La statua etrusca intitolata Apollo di Veio si trova a Roma presso il Museo Nazionale Etrusco di Villa Giulia.

L’artista e la società. La storia dell’opera Apollo di Veio

L’Apollo di Veio risale al VI secolo avanti Cristo. Secondo alcuni studiosi l’autore della statua dell’Apollo fu Vulca, un famoso scultore etrusco. Secondo altre ipotesi invece l’autore fu il Maestro dell’Apollo, appartenne all’ultima generazione di scultori in argilla, detti coroplasti, dell’officina di Vulca.

Vulca

Vulca realizzò invece sicuramente la statua del Giove nel tempio Capitolino del 580 a.C. circa. La statua fu commissionata dal primo re etrusco, Tarquinio Prisco. Invece Tarquinio il Superbo, sul finire del VI secolo a.C. commissionò al Maestro dell’Apollo, forse, due quadrighe come ornamento del tetto per il tempio Capitolino, dedicato appunto alla Triade Capitolina.

Il ritrovamento dell’Apollo di Veio

La statua fu ritrovata in frammenti nel 1916 negli scavi di Giulio Quirino Giglioli presso il santuario di Portonaccio a Veio. L’Apollo di Veio faceva parte di una serie di sculture che ornavano il columen, il colmo del tetto del tempio tuscanico dedicato a Minerva. Il gruppo di terracotte fu modellato circa tra il 500 e il 490 avanti Cristo. Una statua raffigurante Ercole con la cerva fu ritrovata insieme a quella di Apollo. Il torso di Ercole fu ritrovato nel 1944 mentre la testa nel 1949. Insieme a queste statue vi era anche una statua raffigurante Ermes. Il gruppo di sculture ritrovate a Veio raffiguravano La contesa tra Apollo ed Ercole. Accanto all’Apollo erano forse poste le statue di Artemide la proprietaria della cerva e Mercurio che faceva da pacificatore.

Il gruppo era situato probabilmente a 12 m di altezza sul tetto del tempio. Insieme a queste statue si trovava un’altra statua che faceva parte della decorazione del Santuario. Questa scultura rappresenta Latona con Apollo bambino in braccio mentre sta tirando le frecce al serpente Pitone. L’autore di questa scultura però secondo gli storici non fu lo stesso dell’Apollo di Veio e delle altre sculture.

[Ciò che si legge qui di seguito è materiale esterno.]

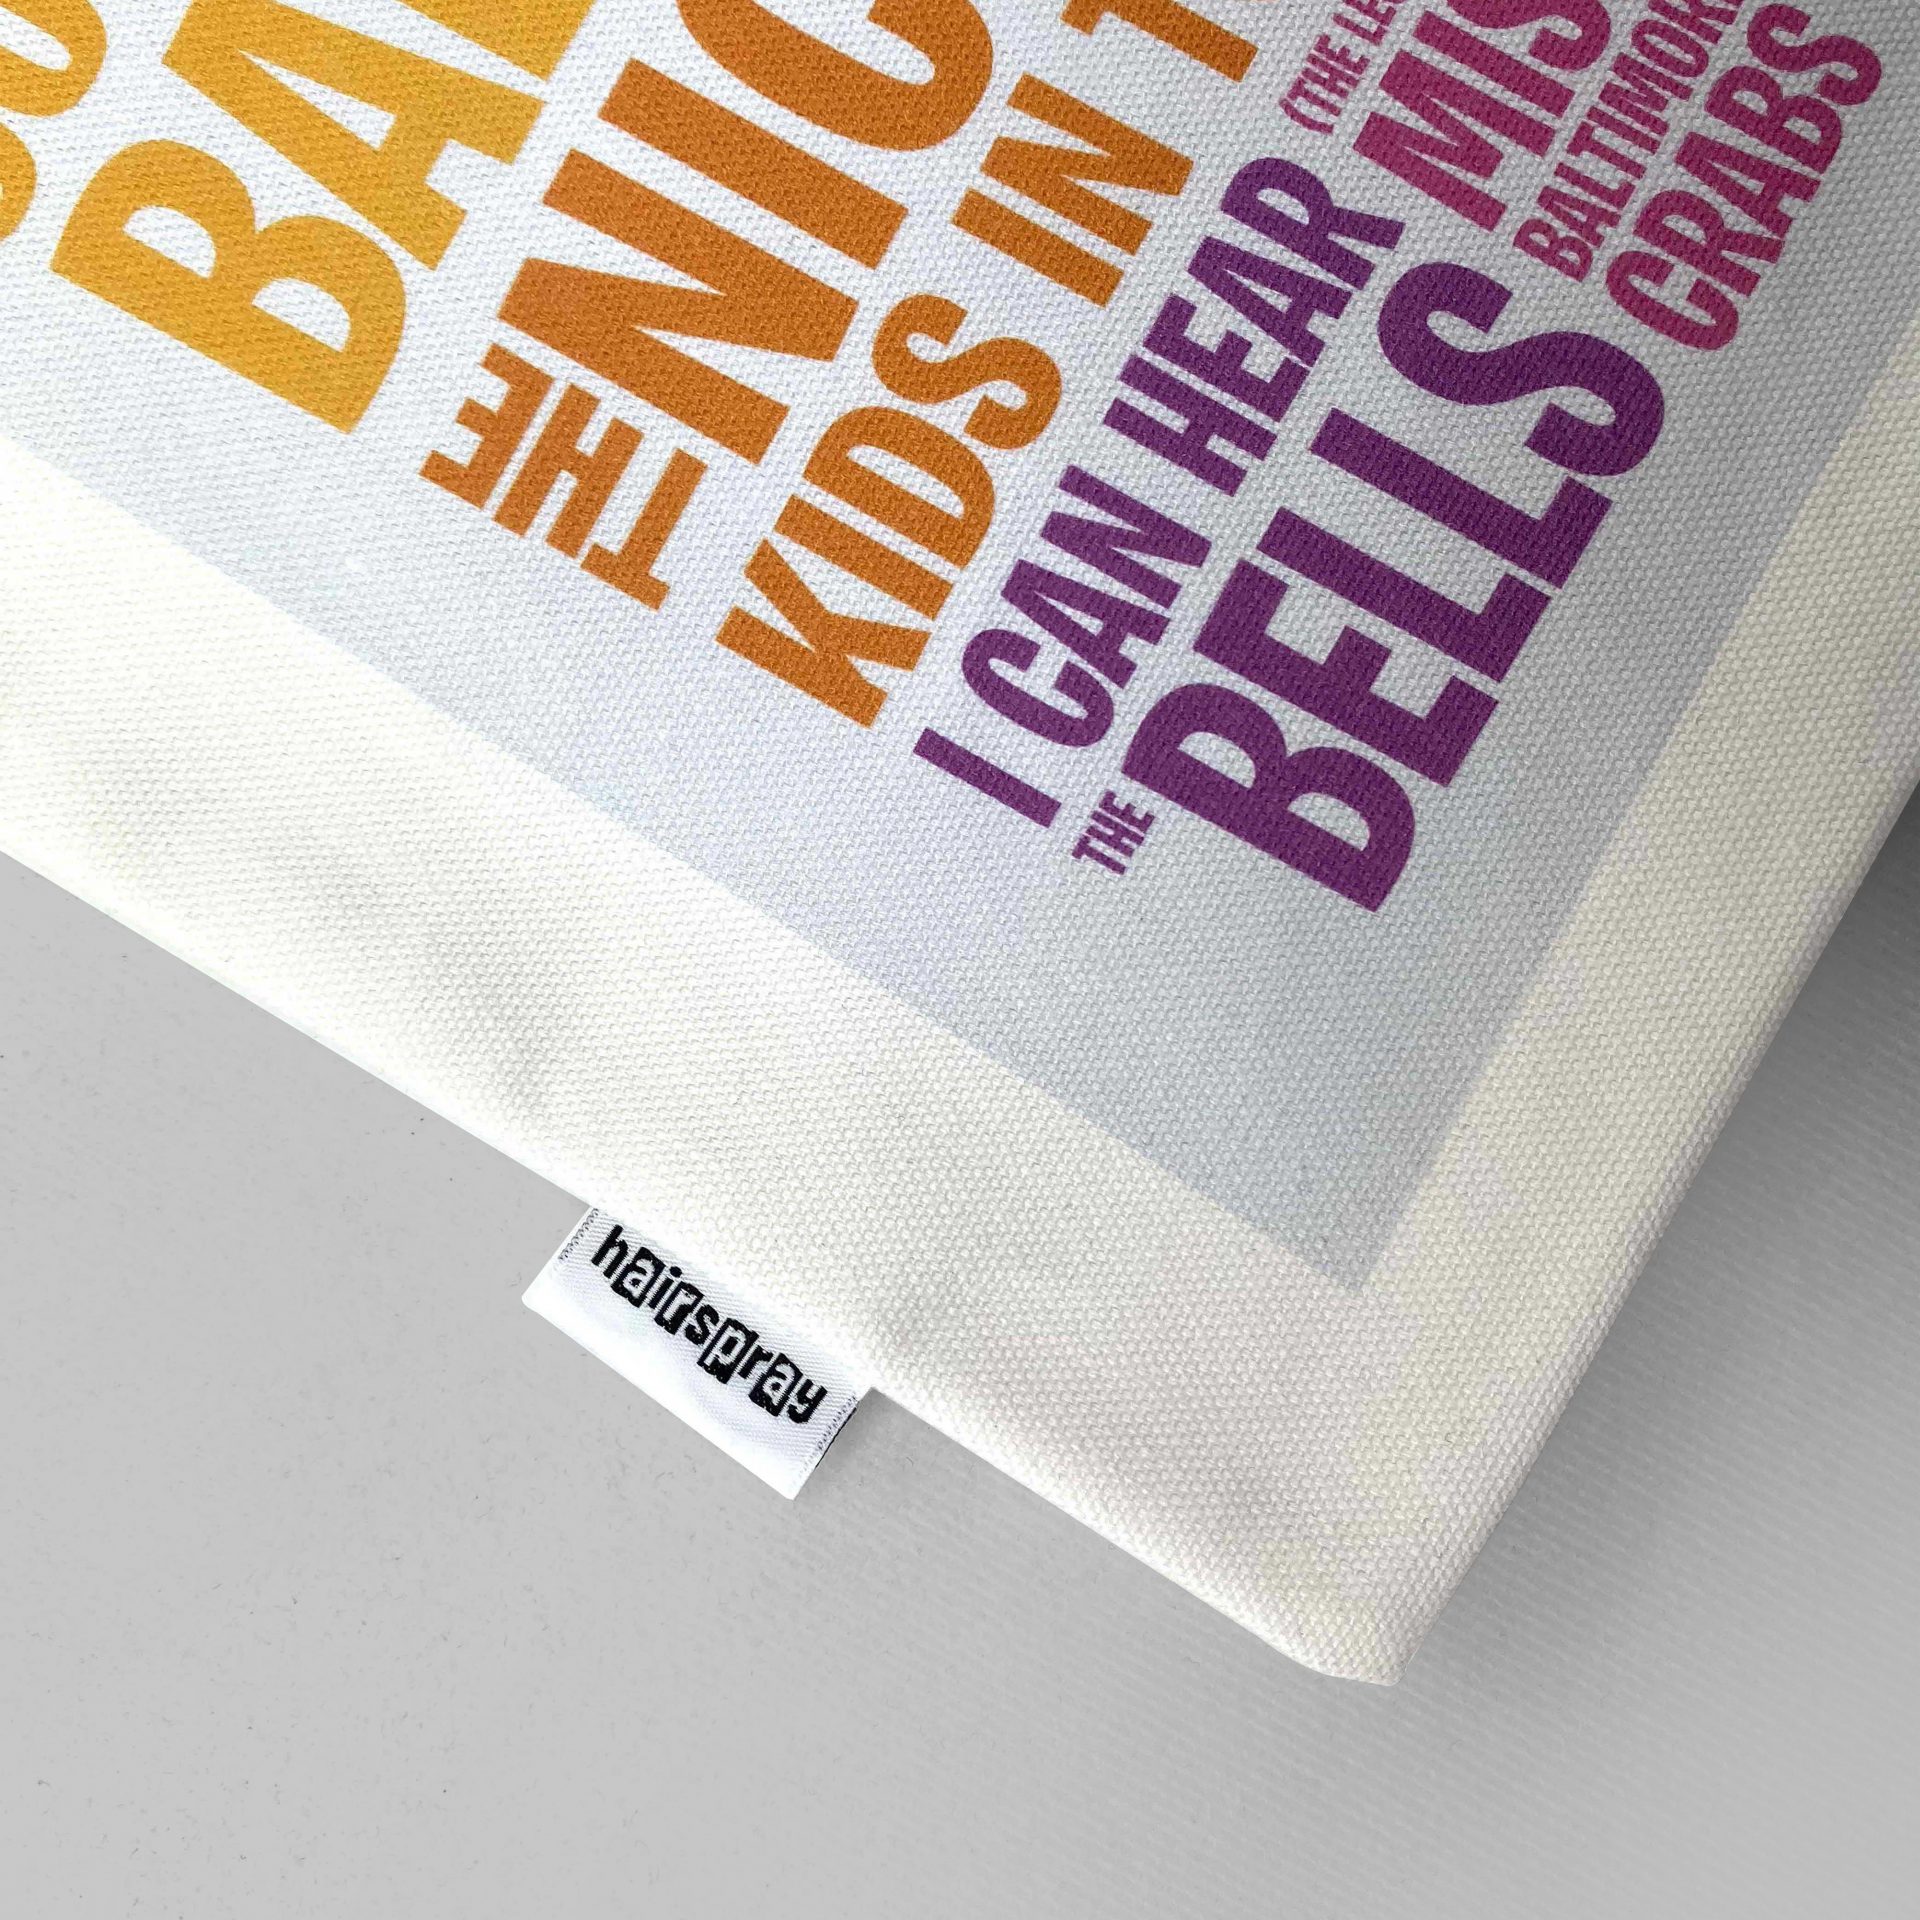 Branded woven labels in tote bags by Paul Bristow

I restauri dell’Apollo di Veio

La scultura è stata restaurata negli anni Venti del Novecento. La prima volta i restauratori assemblarono le parti e ricostruirono alcune di esse mancanti. Nel 2002-2004 la Soprintendenza Archeologica dell’Etruria Meridionale effettuò un altro importante restauro conservativo.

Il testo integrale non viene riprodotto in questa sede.